TGIFF! What’s the extra F for? Freaky!
Disney’s Freaky Friday, the new musical based on Mary Rodgers’ charming 1972 children’s novel and the two movies it inspired, is now playing at the Alley Theatre in downtown Houston (through July 2nd). I recently had a chance to check it out and I left the theater with a big smile on my face, feeling like life is good. (It is!)
I’ll admit, until recently I had never read the book or seen either of the movies. Before I watched the play, I decided to track them down and check ’em out. The novel is a delightful read. Breezy and entertaining; I inhaled it in a single sitting and laughed out loud on quite a few occasions. The story was simple and compelling and I liked the characters. I enjoyed the 1976 big screen adaptation too. It stars Barbara Harris and a young Jodie Foster with a screenplay by original author Mary Rodgers. For the most part, it captures the spirit of the novel, though they do drum up the silliness and spectacle in an effort to make it a more cinematic experience. The 2003 version starring Jamie Lee Curtis and Lindsay Lohan is a more quirky, hip, and modern take. I didn’t like it as much as the first film (Lindsay Lohan is no Jodie Foster) but it’s a fun remix for a different generation.
Freaky Friday in all of its incarnations — whether on page, screen, or stage — features a mother and daughter, both envious of the other’s seemingly easy life, who, after getting into an argument, inexplicably swap bodies and see what it’s like to walk in each other’s shoes. It’s a simple, timeless tale that is ripe for comedy. The framework is the same in each version, but they all put their own unique spin on the story, and the details change in every iteration.
The play is updated for present times and it’s the first version to incorporate several musical numbers that help tell the story. Songs like ‘I Got This’, ‘I’m Not Myself Today’, and ‘Women and Sandwiches’ are catchy and amusing and they don’t outstay their welcome. The music and lyrics were written by Tom Kitt and Brian Yorkey (Next to Normal, If/Then) with a book by Bridget Carpenter. Christopher Ashley directed and Sergio Trujillo did the choreography.

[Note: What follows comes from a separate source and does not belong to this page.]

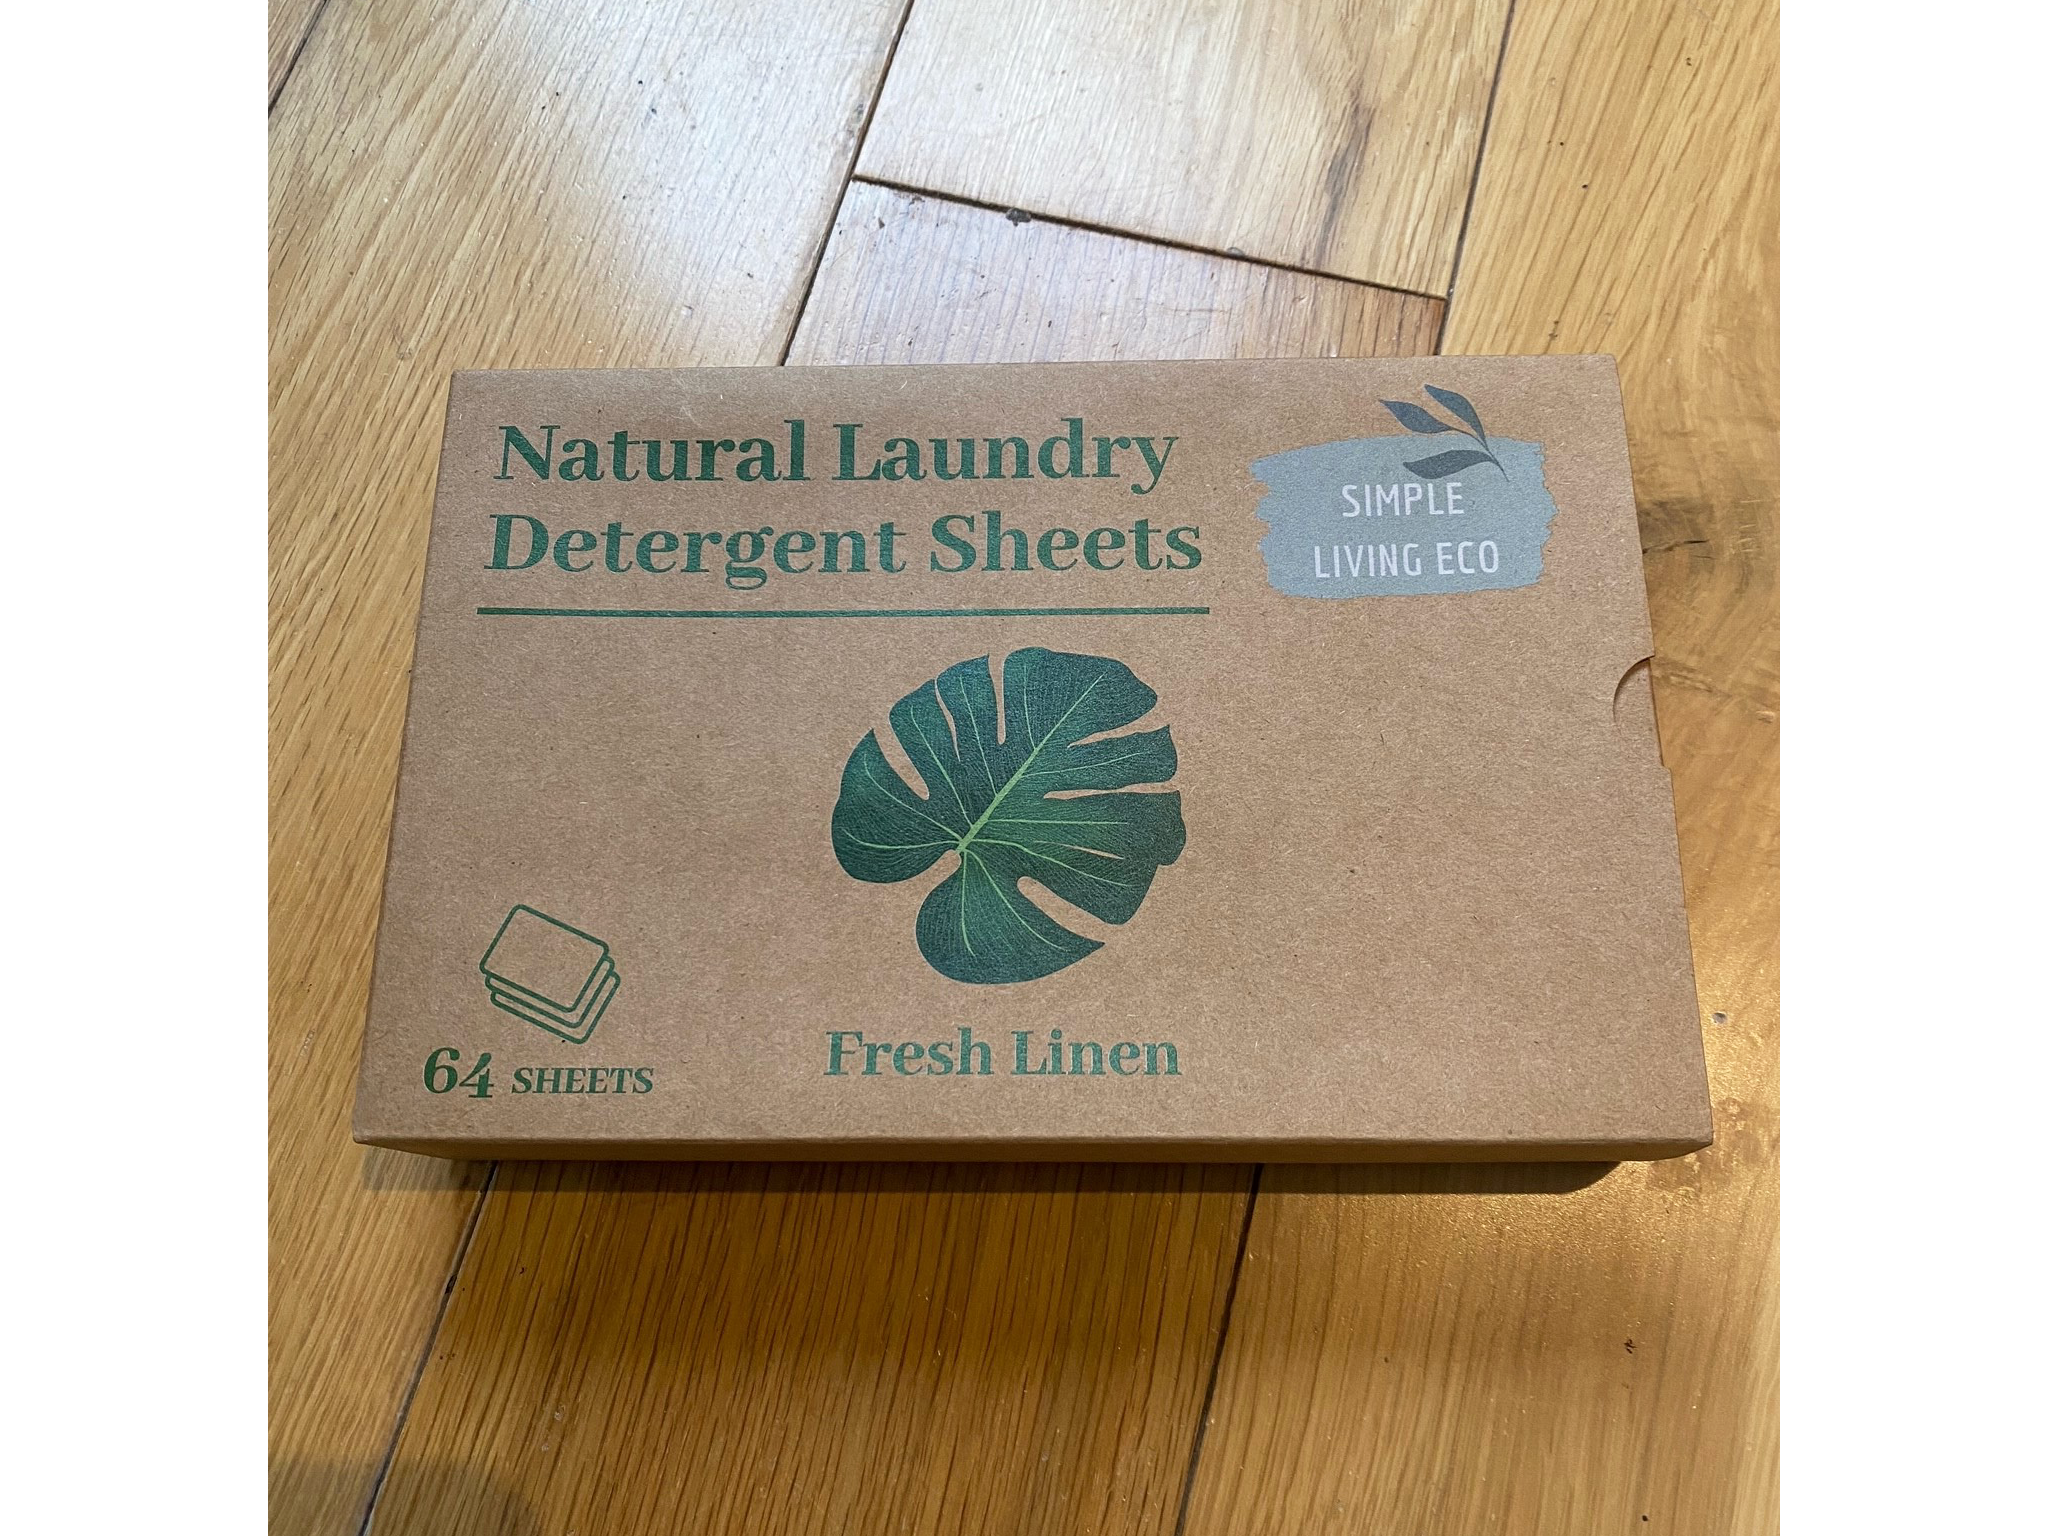 Simple Living Eco spring fresh laundry detergent sheets
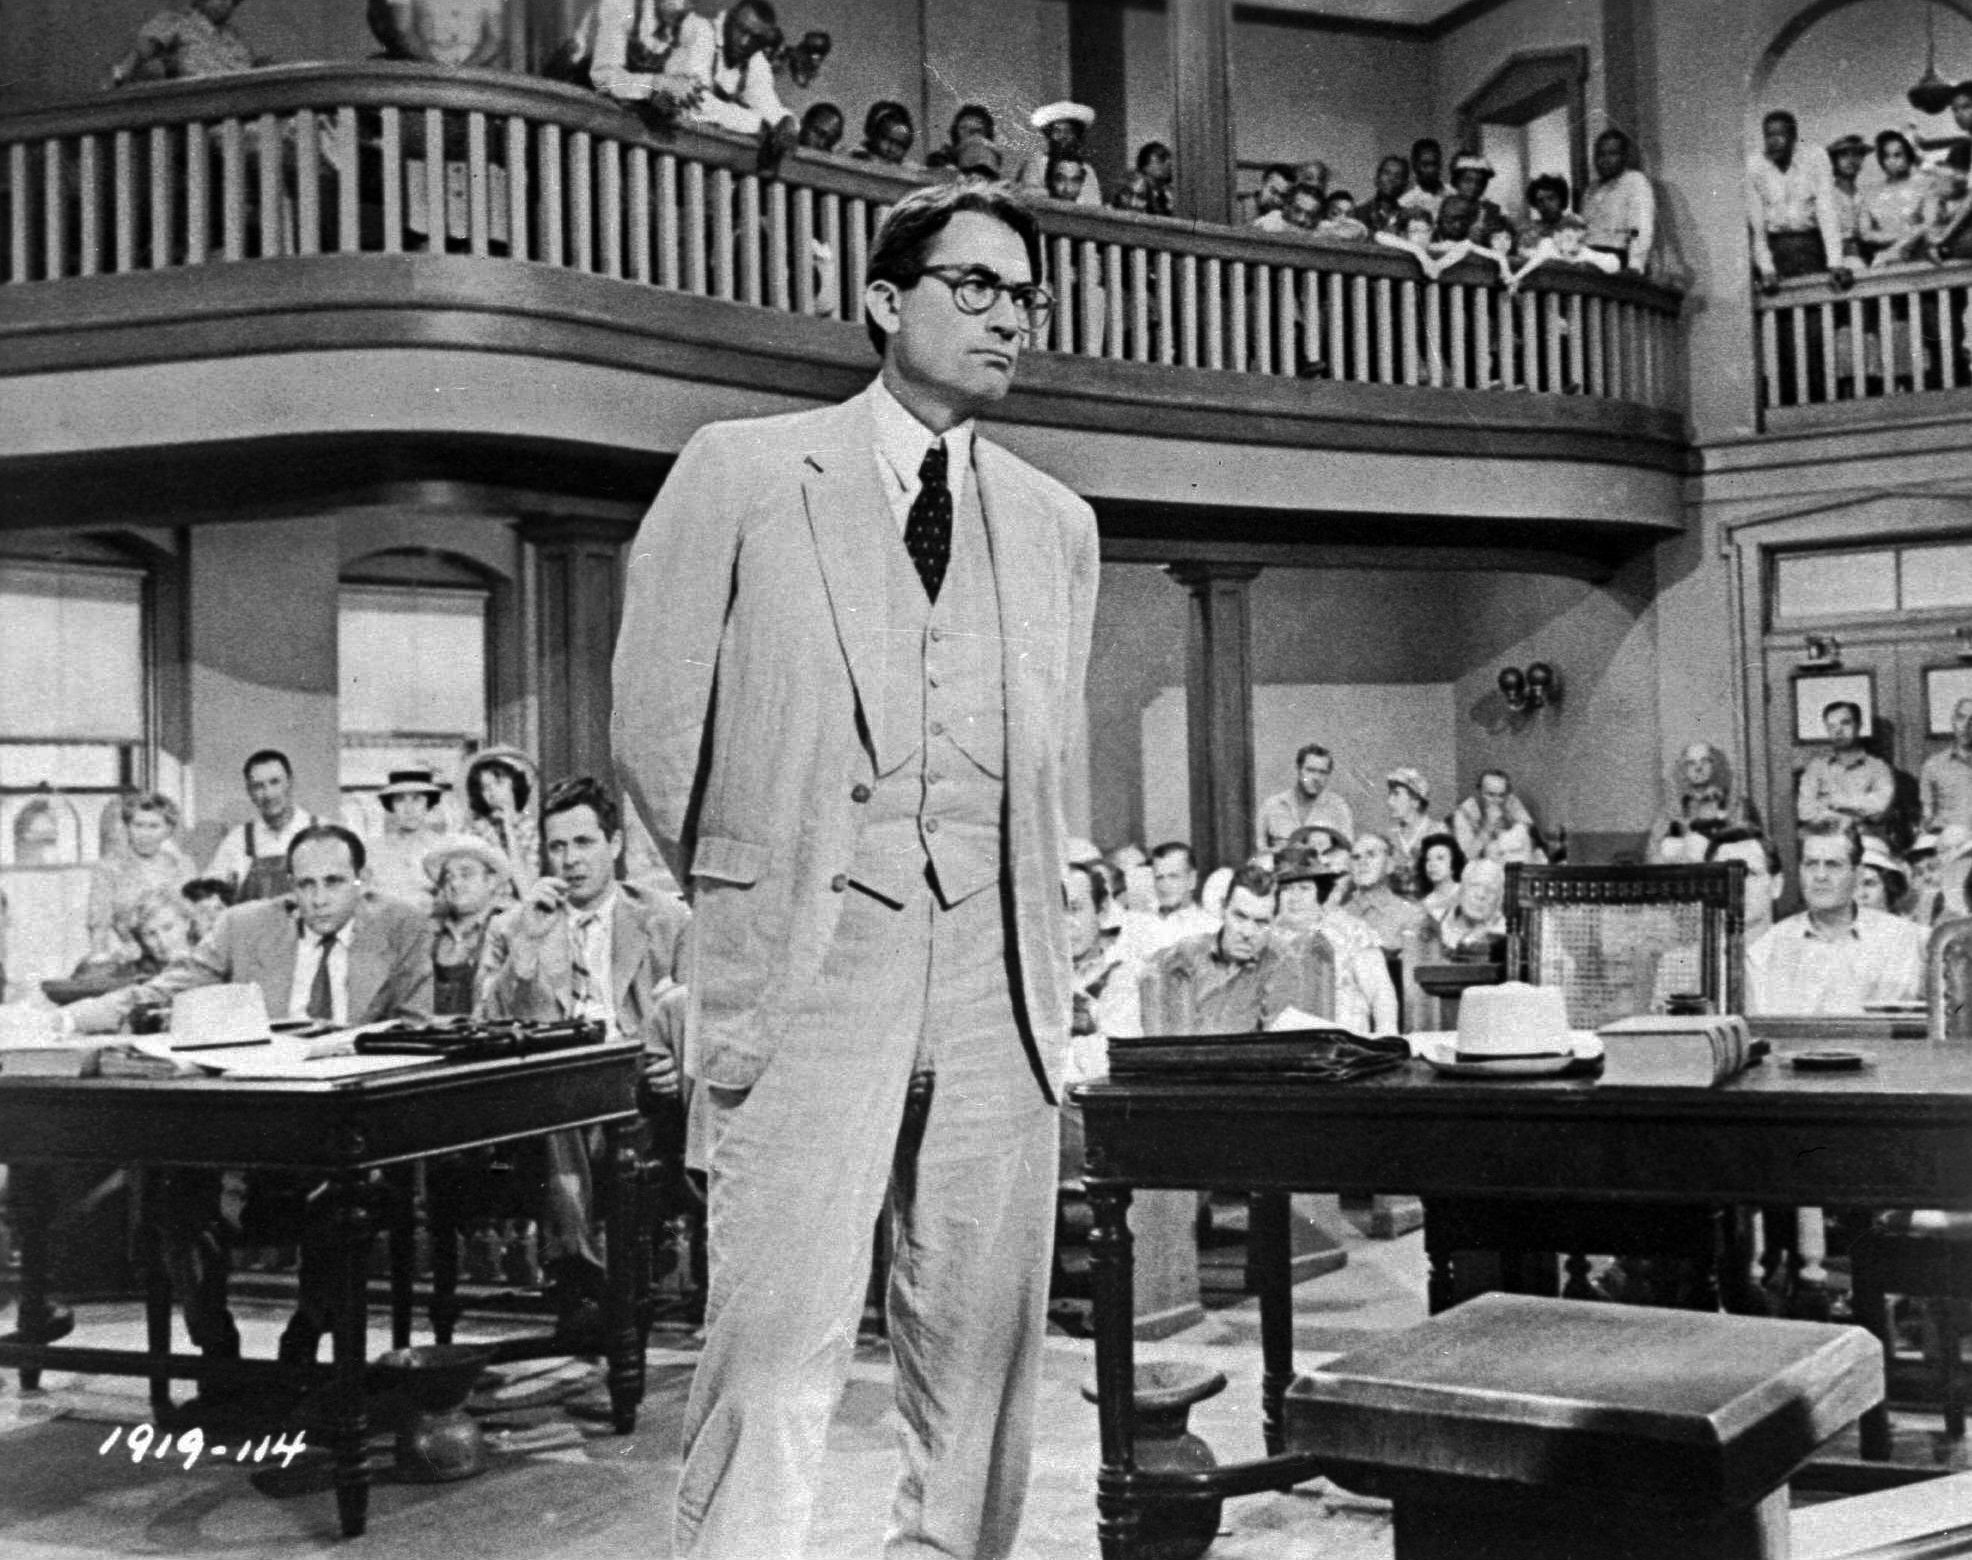 Gregory Peck as Atticus Finch in the film version of &quot;To Kill a Mockingbird&quot;

The casting is aces. Heidi Blickenstaff steals the show with an exuberant turn as Katherine, the mother. She’s a joy to watch, especially after the characters switch bodies and she portrays the younger Ellie. Emma Hunton plays Ellie, her daughter, and though she’s arguably a tad old for the role, she has a powerful singing voice and she really nails the songs. Other standouts are Chris Ramirez as all-around cool kid Adam (the boy Ellie likes), David Jennings as Mike (Katherine’s fiancée), Jake Heston Miller as Ellie’s lovable brother Fletcher (Ape Face in the novel), Storm Lever (Savannah/Ensemble), and Julian Ramos (Wells/Photographer/Ensemble). They all brought their A-game and provided the energy necessary to make the production a vibrant success.
While I certainly enjoyed reading the book and watching the movies before seeing the play, it isn’t necessary. I do think it added to my experience, but each version stands on it’s own and can be viewed and appreciated individually. They all bring something fresh to the table while staying true to the spirit of Mary Rodger’s classic children’s novel.
Disney’s Freaky Friday will only be in Houston until July 2nd (this weekend and next). Grab your tickets here!
About the venue:
Alley Theatre is located downtown in Houston’s Theater District. It consists of the Hubbard Theatre (774 seats) and the Neuhaus Theatre (310 seats), both of which are small enough to feel intimate but equipped to house world-class productions on a regular basis. I recently saw The National Theatre of Scotland’s phenomenal production of Let the Right One In there, and I look forward to the upcoming stage adaptation of Alfred Hitchcock’s classic film, The 39 Steps. Parking in the garage underneath the theater is convenient and the bar is user-friendly. Pro tip: Order drinks for intermission before the show and they’ll be ready for you at the break. Also, no trip to the Alley Theatre (or any of the surrounding venues) is complete without a trip to Frank’s Pizza, a Houston staple located just a few blocks away.